Vsx1+ progenitors in the unlaminated and laminated region exhibit distinct cell biological behaviors

A. Concurrent visualization of nucleokinesis in a vsx1+ progenitor in the laminated retina (Q26; UAS:memYFP, upper panels) and the cell cycle stage (mOrange2‐PCNA mRNA, lower panels) by in vivo time‐lapse confocal imaging. Progenitor soma is pseudo‐colored cyan in YFP channel and outlined in cyan in mOrange channel. Scale bar: 10 μm.

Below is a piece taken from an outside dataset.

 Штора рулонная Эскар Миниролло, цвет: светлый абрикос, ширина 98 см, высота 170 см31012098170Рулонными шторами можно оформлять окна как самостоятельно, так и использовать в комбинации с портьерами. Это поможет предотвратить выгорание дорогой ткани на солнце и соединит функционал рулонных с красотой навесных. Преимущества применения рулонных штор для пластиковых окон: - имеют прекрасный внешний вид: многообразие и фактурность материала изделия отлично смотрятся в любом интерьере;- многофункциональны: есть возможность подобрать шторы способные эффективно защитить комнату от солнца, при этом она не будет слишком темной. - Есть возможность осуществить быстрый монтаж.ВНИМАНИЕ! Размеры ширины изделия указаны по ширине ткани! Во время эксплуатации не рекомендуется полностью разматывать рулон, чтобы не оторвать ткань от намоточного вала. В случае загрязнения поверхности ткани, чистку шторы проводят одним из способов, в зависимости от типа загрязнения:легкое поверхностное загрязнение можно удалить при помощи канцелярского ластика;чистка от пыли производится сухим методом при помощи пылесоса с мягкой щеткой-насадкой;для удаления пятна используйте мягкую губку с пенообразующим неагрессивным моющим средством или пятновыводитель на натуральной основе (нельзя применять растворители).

B. Nuclear movement of vsx1+ progenitors in the unlaminated region (vsx1:GFP) of the retina prior to mitosis at the apical surface (orange circle). Seven cells, five fish. Black line represents the average position of all vsx1+ progenitors prior to mitosis in unlaminated regions.

C. Nuclear trajectories of vsx1+ progenitors in the laminated region that undergo mitosis at the INL/OPL interface (cyan circle, left panel) and post‐mitotic BCs in their vicinity (right panel). In the time interval during which trajectories were tracked, all 12 vsx1+ progenitors move to the INL/OPL interface prior to mitosis; 8 of 12 post‐mitotic surrounding BCs do so (five fish). Black lines represent the average position of all vsx1+ progenitors prior to mitosis in laminated regions (left panel) or of the post‐mitotic BCs (right panel).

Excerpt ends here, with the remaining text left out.